Minghui Zhang, Yaoyu Liu, Xin You et al.

Accurate multi-class tubular modeling is critical for precise lesion localization and optimal treatment planning. Deep learning methods enable automated shape modeling by prioritizing volumetric overlap accuracy. However, the inherent complexity of fine-grained semantic tubular shapes is not fully emphasized by overlap accuracy, resulting in reduced topological preservation.
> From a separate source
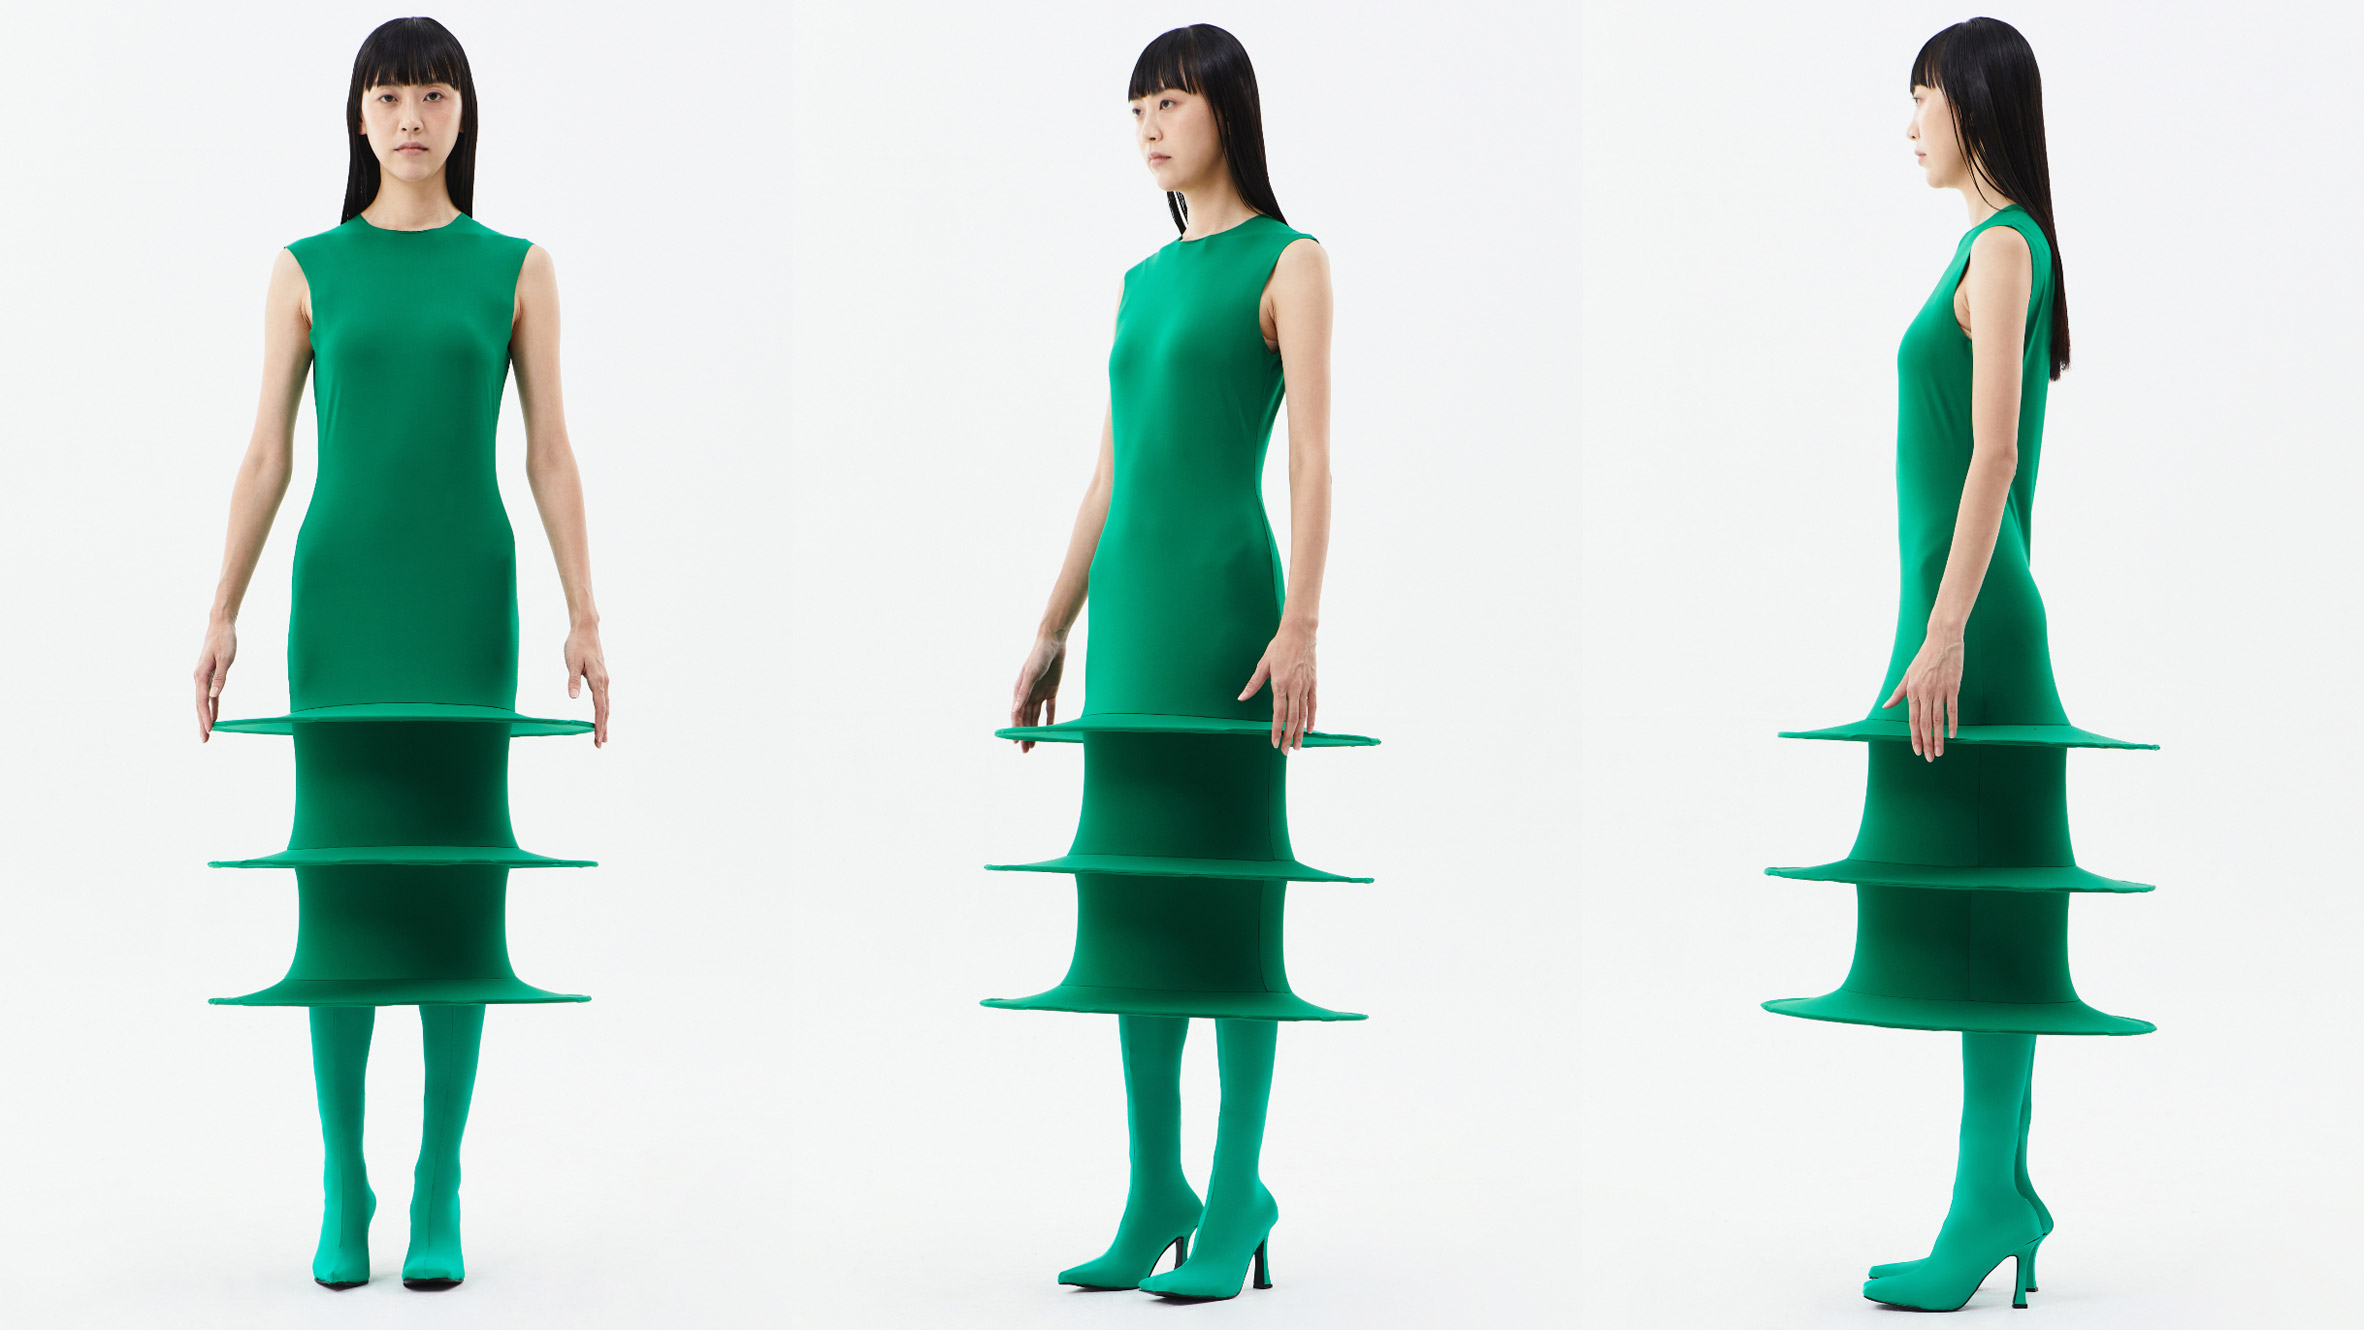 Green A-line dress from Sun Woo's In Between collection
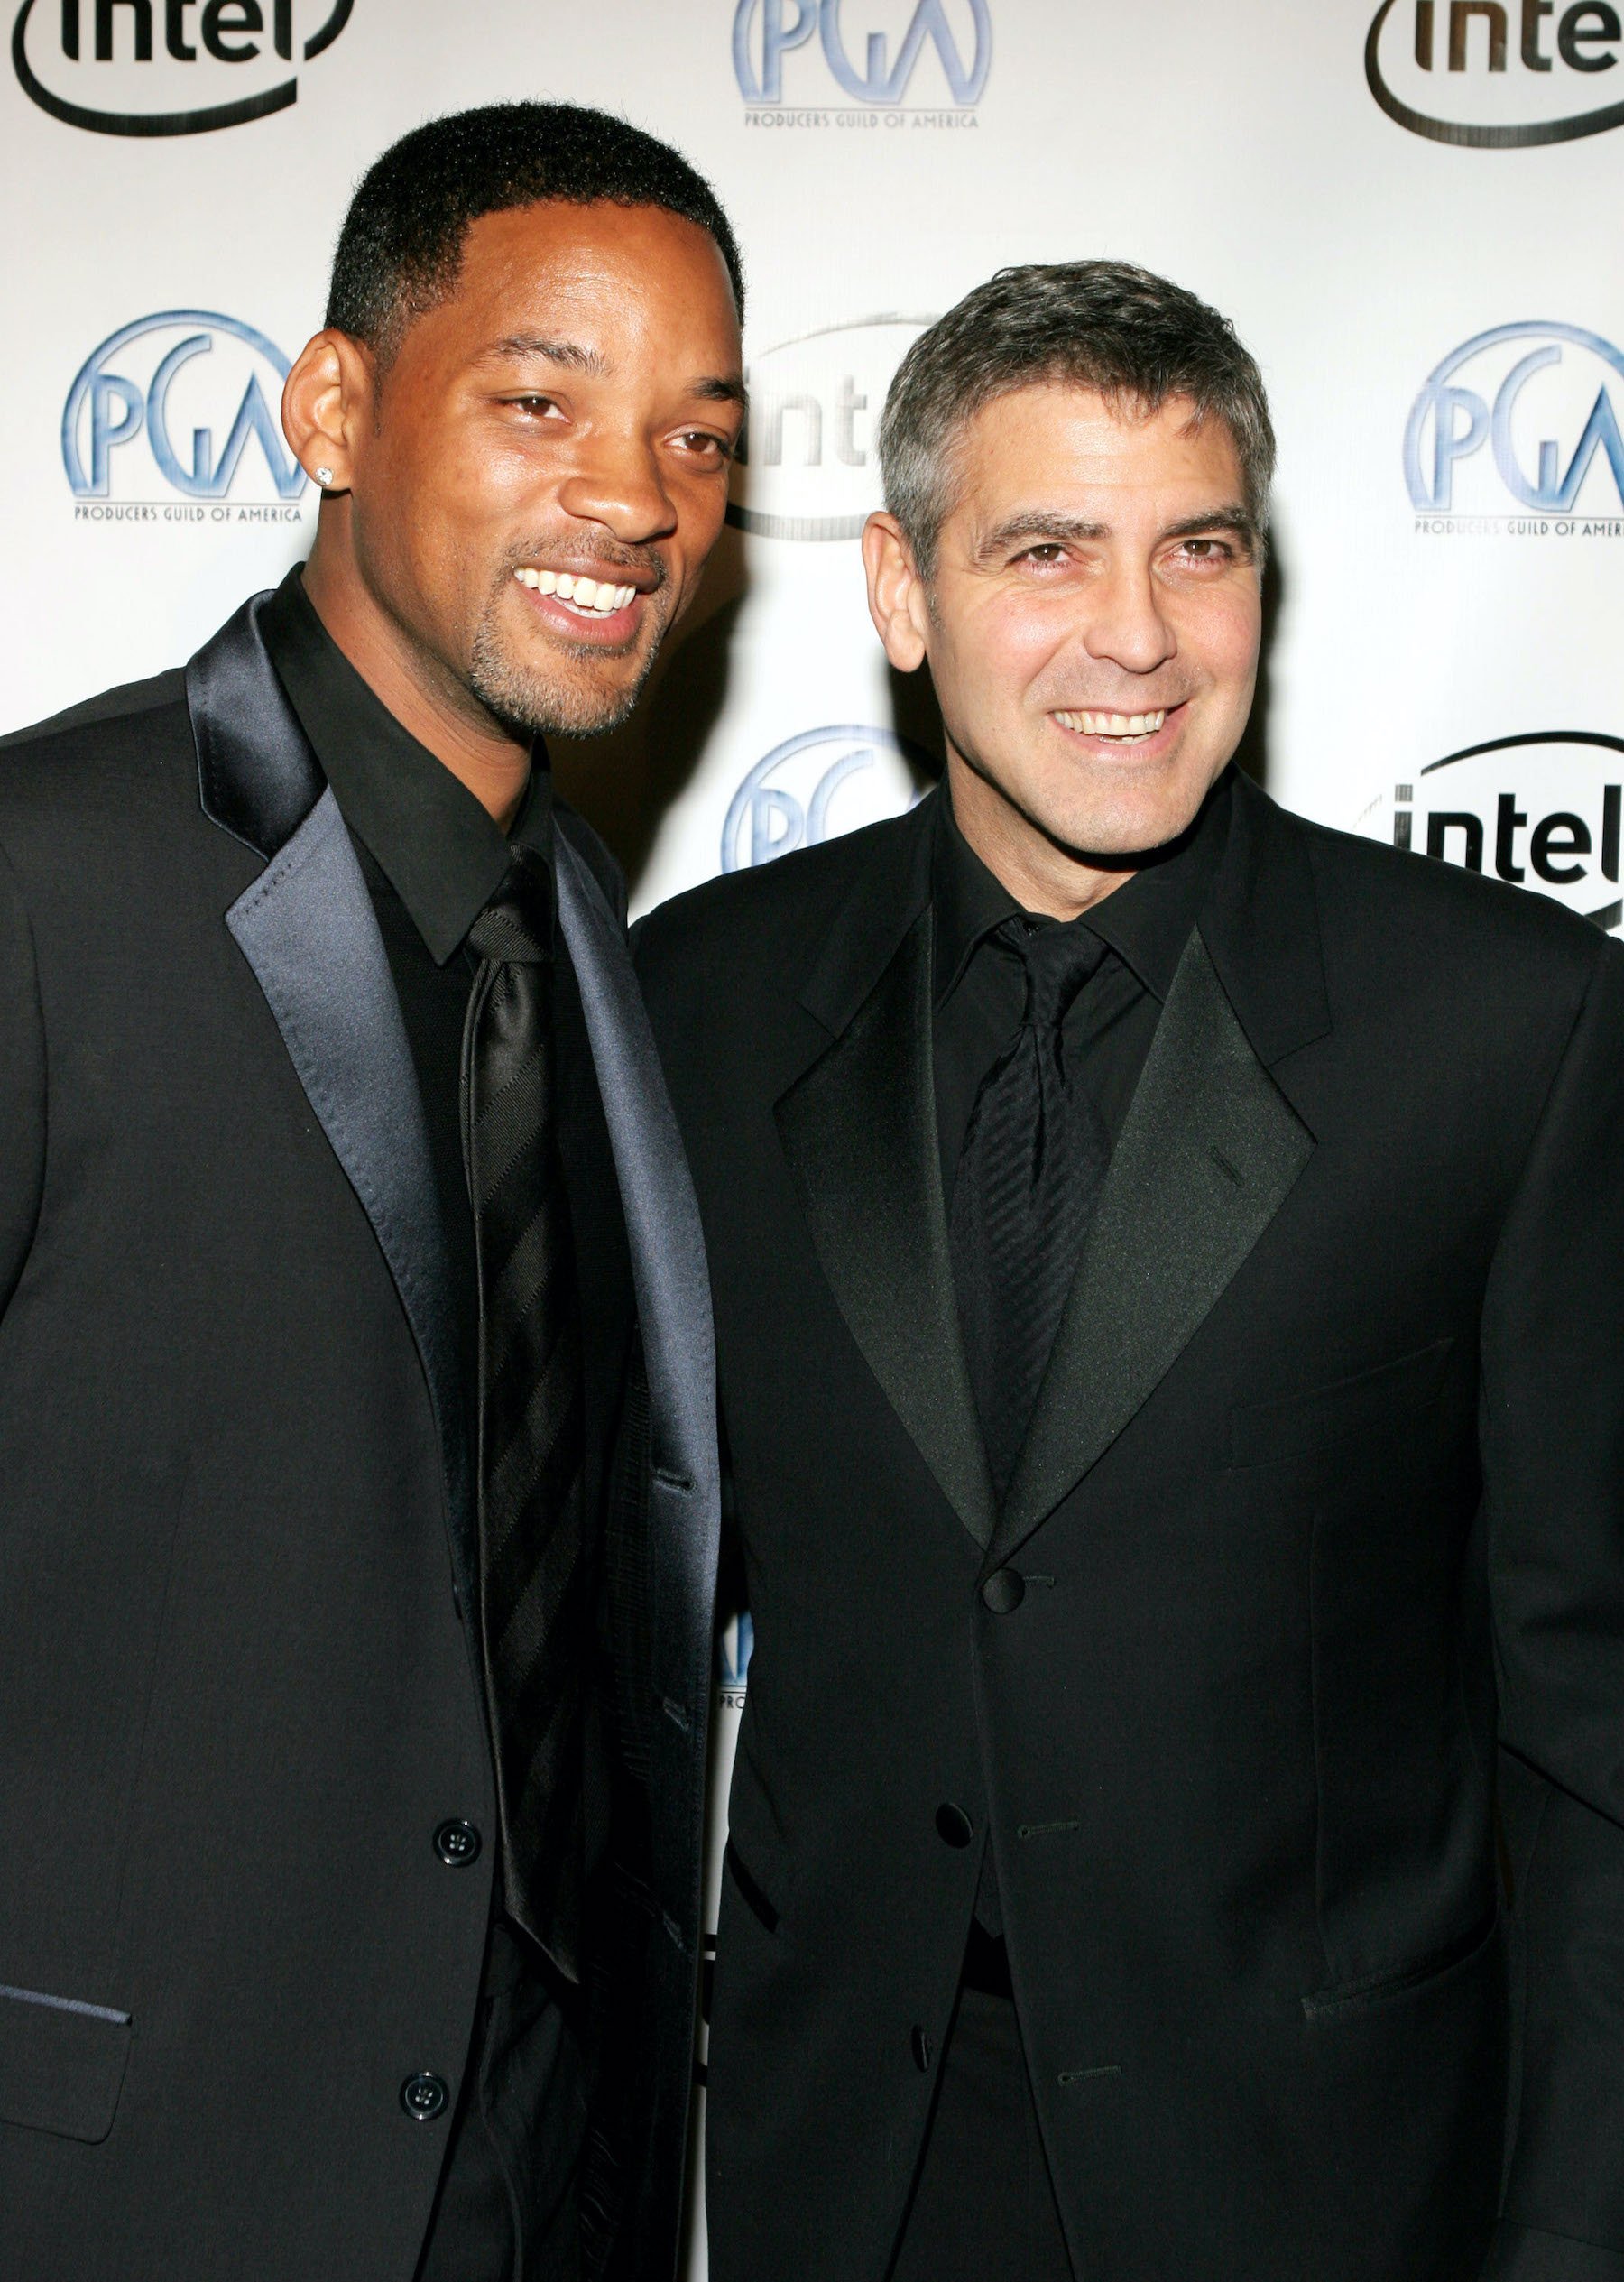 Will Smith and George Clooney at the 2006 Producers Guild Awards

To address this, we propose the Shapeaware Sampling (SAS), which optimizes patchsize allocation for online sampling and extracts a topology-preserved skeletal representation for the objective function. Fractal Dimension-based Patchsize (FDPS) is first introduced to quantify semantic tubular shape complexity through axis-specific fractal dimension analysis. Axes with higher fractal complexity are then sampled with smaller patchsizes to capture fine-grained features and resolve structural intricacies. In addition, Minimum Path-Cost Skeletonization (MPC-Skel) is employed to sample topologically consistent skeletal representations of semantic tubular shapes for skeleton-weighted objective functions. MPC-Skel reduces artifacts from conventional skeletonization methods and directs the focus to critical topological regions, enhancing tubular topology preservation. SAS is computationally efficient and easily integrable into optimization pipelines. Evaluation on two semantic tubular datasets showed consistent improvements in both volumetric overlap and topological integrity metrics.